Numbers also occur in full sentences. For example translate I will give you 11 dollars into Dutch. Again eleven and elf. Now suddenly 1111 is spoken correctly, perhaps because it are dollars ?

A switch between language and language-M

It might be a single option to select mathematical pronunciation, for all languages. But the tab would need to show English-M and Dutch-M to prevent confusion. Also, at one time, one might wish for a translation from English-M to traditional Dutch. Best could be a selector icon in the row of language tabs that allows you to switch between traditional and mathematical pronunciation.

Google Translate is already prim on the distinction between UK and US English. There is only one English tab, and the translation of say Dutch strengheid gives both rigor and rigour. But this is a spelling issue. Mathematical pronunciation of numbers isn’t spelling reform but an enrichment of language. And it is neither the difference between Oxford English and Cockney. There may be more sites explaining dialects than Oxford English.

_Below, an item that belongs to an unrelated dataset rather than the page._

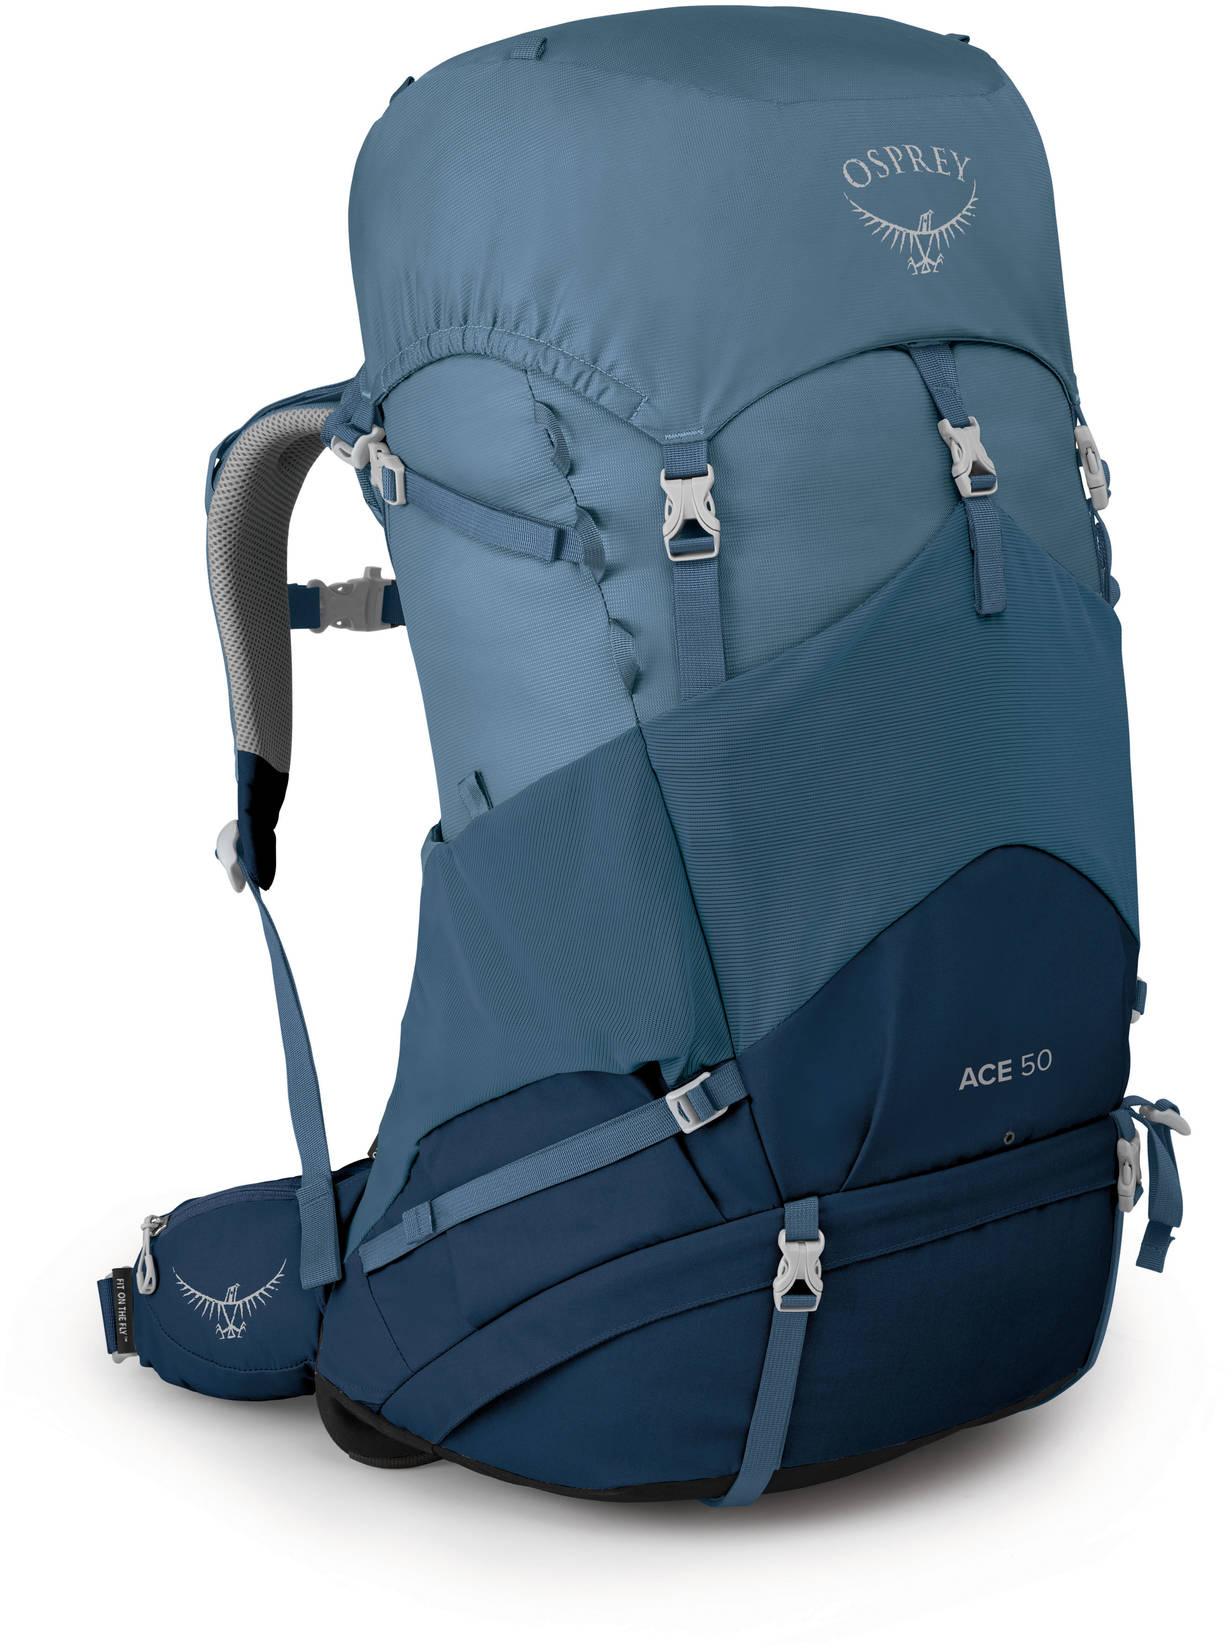 Ace Рюкзак Osprey Ace 50 Blue Hills Ace_50_S20_Side_Blue_Hills_web.jpg

Indeed, when we try to translate Me want money from English to English, to remove grammatical or spelling errors, with the options I want money or We want money, then Google Translate doesn’t allow this. It just doesn’t permit translation from English to English. The translation to Dutch selects the Me  I option. “Mij wil geld” is a literal translation but Google corrects into proper grammer “Ik wil geld”. One would however feel that crummy English should be translated as crummy Dutch.

A bit of greater fun is that Google Translate accepts spoken 1 plus 1 = 3, but refuses the input of 1 +1 = 2, perhaps because they think that + is no accepted sign in the English language, or perhaps because they think that it doesn’t need translation.

Language research

Google Translate acknowledges use of results by numerous scientists around the world. A key source is WordNet. (In Holland Piek Vossen is involved in this.) When you look at what they are doing, it is huge and impressive.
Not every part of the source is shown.